The avant-garde have inspired some changes around town recently however. Since the Teststrip window space/bike shed and Fiat Lux are no longer providing pedestrians and passing motorists with conceptual eye-candy, we had been forced to rely upon archaic public sculptures and the odd arduous expedition to an exhibition if we wanted to see some art, unless we count the many tedious and badly printed socially motivated art posters which seem to keep getting pasted up. As part of its pre-APEC tidy up, the Auckland City Council has teamed up with several of the city's galleries to fill the window spaces of a vacant block on Customs Street with art. Fishtank may not be everybody's cup of tea but now everybody can have a slice of Killeen 24 hours a day, 7 days a week.

It's a pity rm3 couldn't have thought about doing something with their window space rather than boarding it up and forcing people to walk all the way up the stairs. In a city of constant change rm3 can always be counted upon to provide the same old same old: thanks to yet another administerial cock-up the gallery has provided us with seven straight weeks of photographic work. The residency of the Auckland Camera Club started with We Really Care, a group show organized by Victoria Munro and crammed into the pint sized gallery: wall-to-wall photographics of all shapes and sizes, featuring the Good the Bad and the Ugly. After an opening that was so full of people and photographs that it became impossible to see any art; the weeklong show felt like it was over almost as soon it had begun.

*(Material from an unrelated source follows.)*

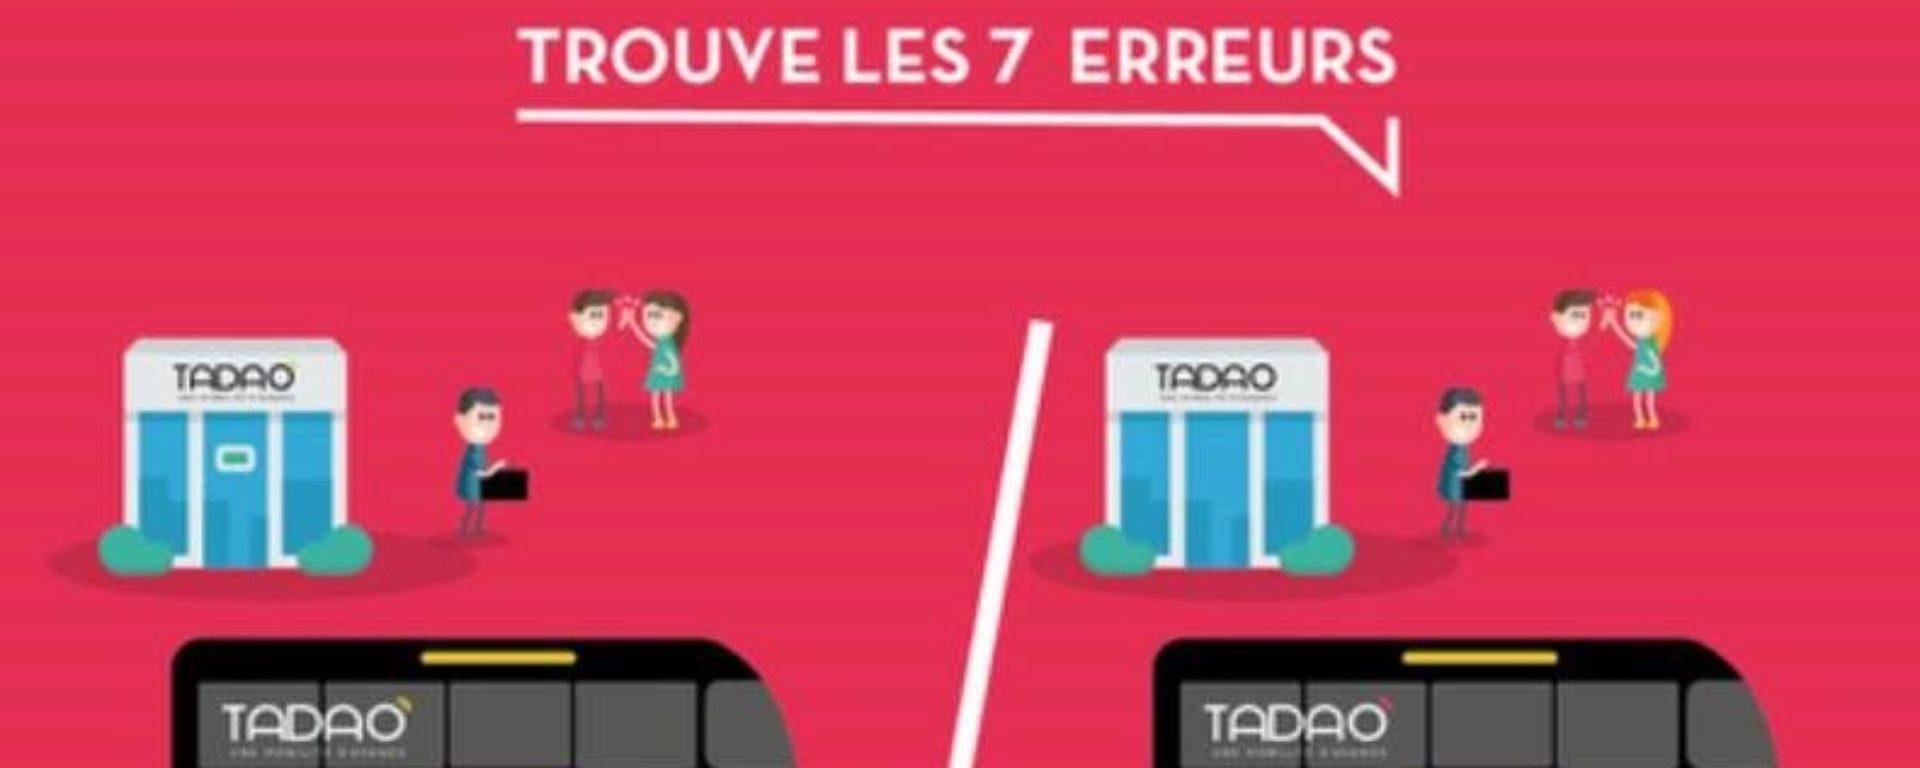 tadao-transdev-reseau-social-media-jeu-distraction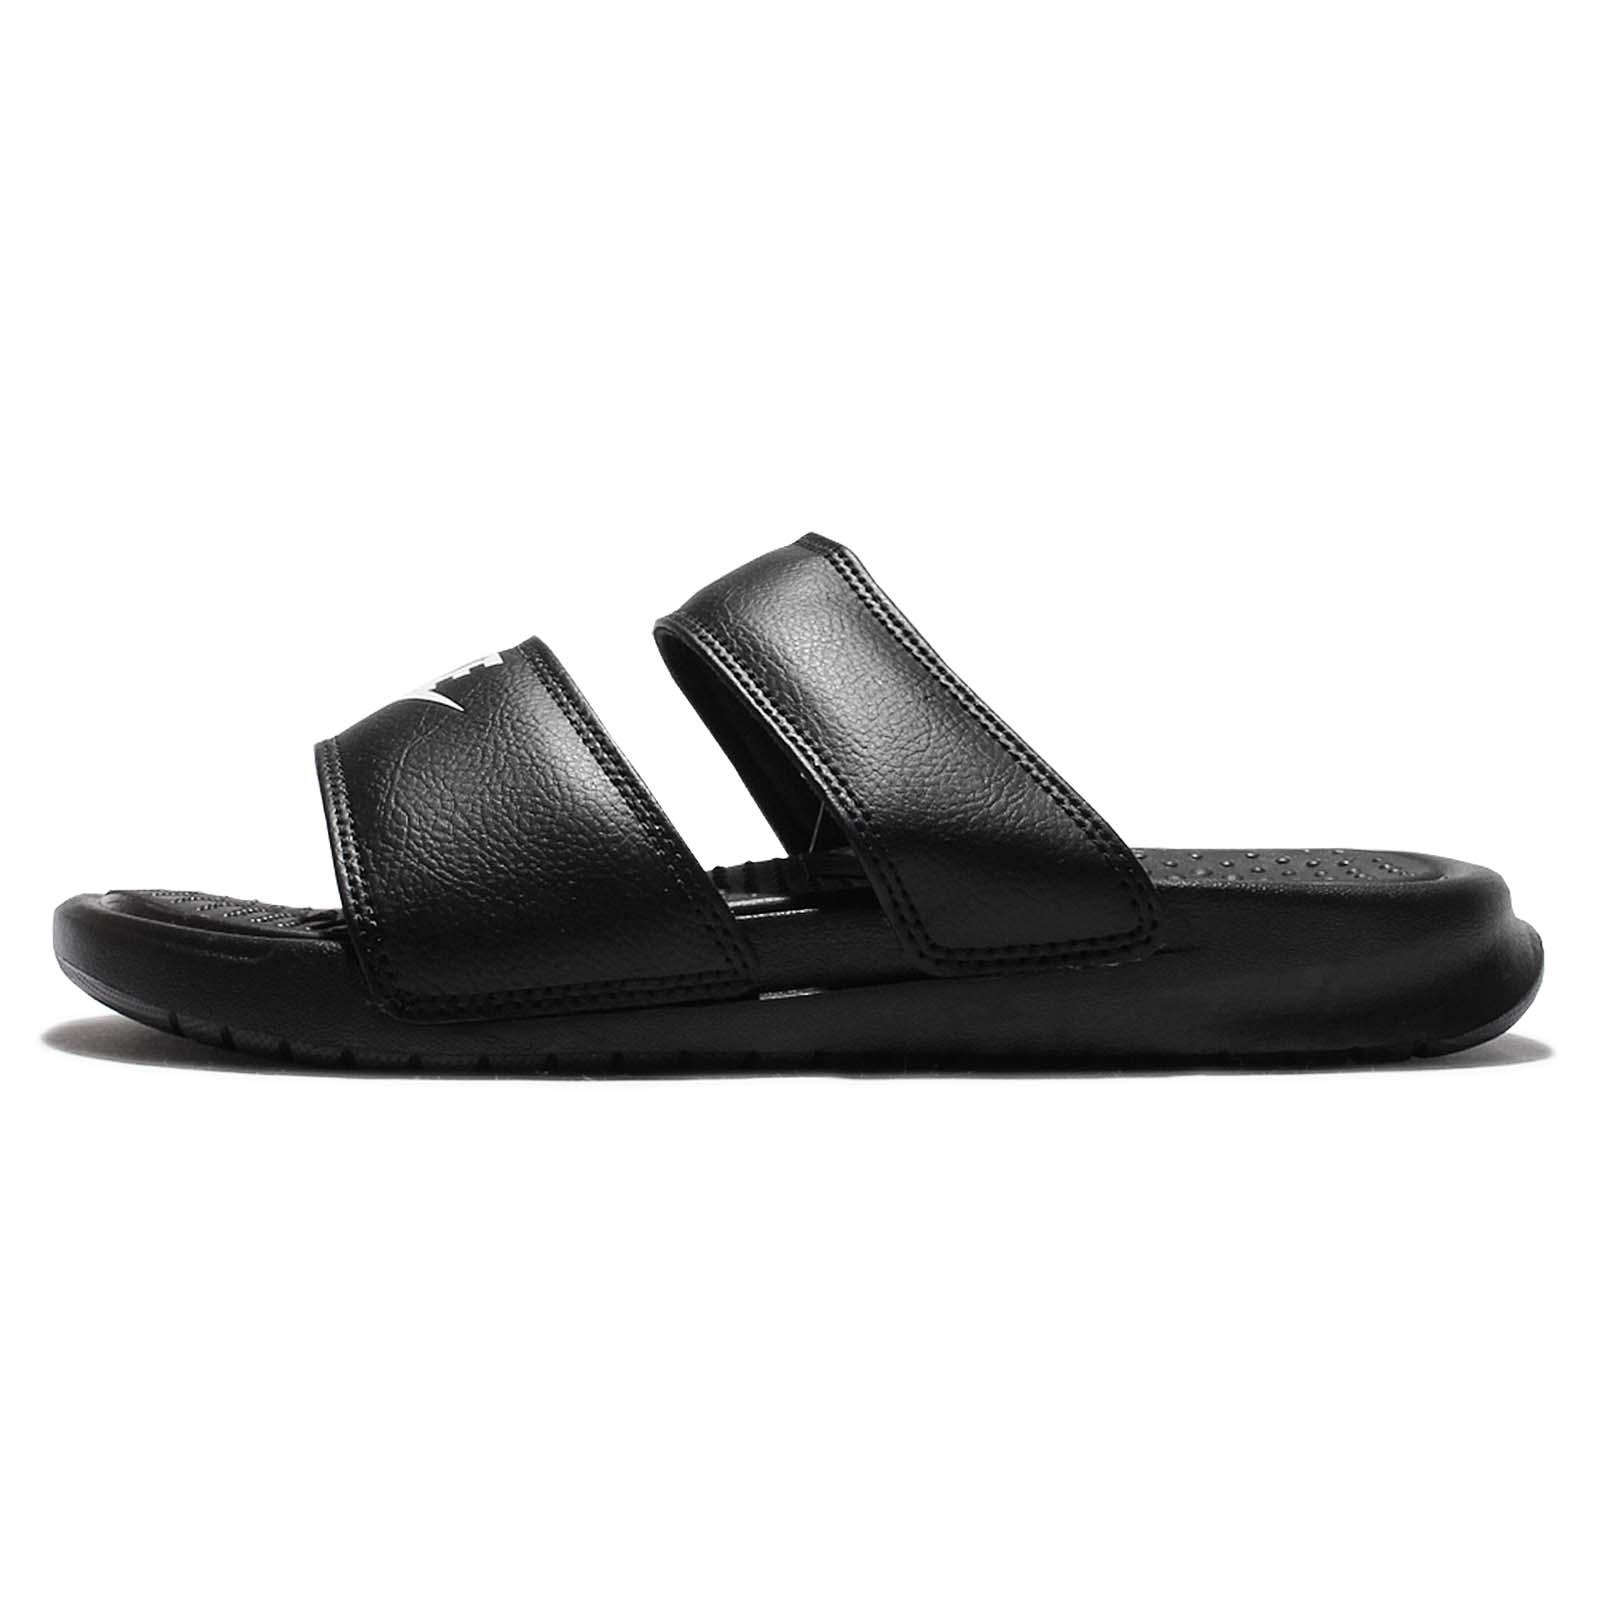 Nike 拖鞋 Benassi Duo Ultra Slide 黑 白 女鞋 涼拖鞋 【ACS】 819717-010

The work slowly found its way back to its owners and the show was swiftly followed by a funeral. Josephine Reddy's Forget-Me-Not was a memorial wall full of found photographs and seed packets -- a moving collection of misplaced nostalgia and beautiful but rapidly spreading weeds. Geoff Heath finished the run of photographics with Spare Room, a series of portraits of family and friends, simply shot within their home. Immaculately printed and disarmingly clear, the photographs held a certain suburban neurosis: past the participants whose portrait was being taken the eye was drawn to objects and details which held the same haunting quality as his show with Yvonne Todd earlier in the year at Fiat Lux.

Nestled between Heath and Reddy, Peter Madden was found playing knife games. It seemed to be no coincidence that Madden `s Plane of 1000 Cuts opened on the same night as IMAX arrived in town. Whilst Auckland has been waiting for the arrival of the much heralded seven storey film experience, Dr. Pete has spent the last three or four months getting busy with his scalpel, carving up his magazine collection. IMAX has been compared to early pursuits of diorama and panoramic painting (Jennifer Higgie, "Untamed Nature", frieze, Issue 42, 1998) in its attempts to recreate nature's wonders for an audience enamoured with the spectacle; and in the Plane of 1000 Cuts Madden slices up a National Geographic history, turning its humanitarianism and anthropological efforts inside out by creating a panoramic landscape of tiny detached faces, roaming animals and flocks of birds populated and bordered by cut up text. Madden is now rumoured to be in possession of Jack the Ripper's old scalpel and with his sights set on the rest of photography's sordid history has started work on the Plane of 10,000 Cuts.

The worst of winter seems to have passed, time to start thinking about what to wear to the Warhol show's dance party.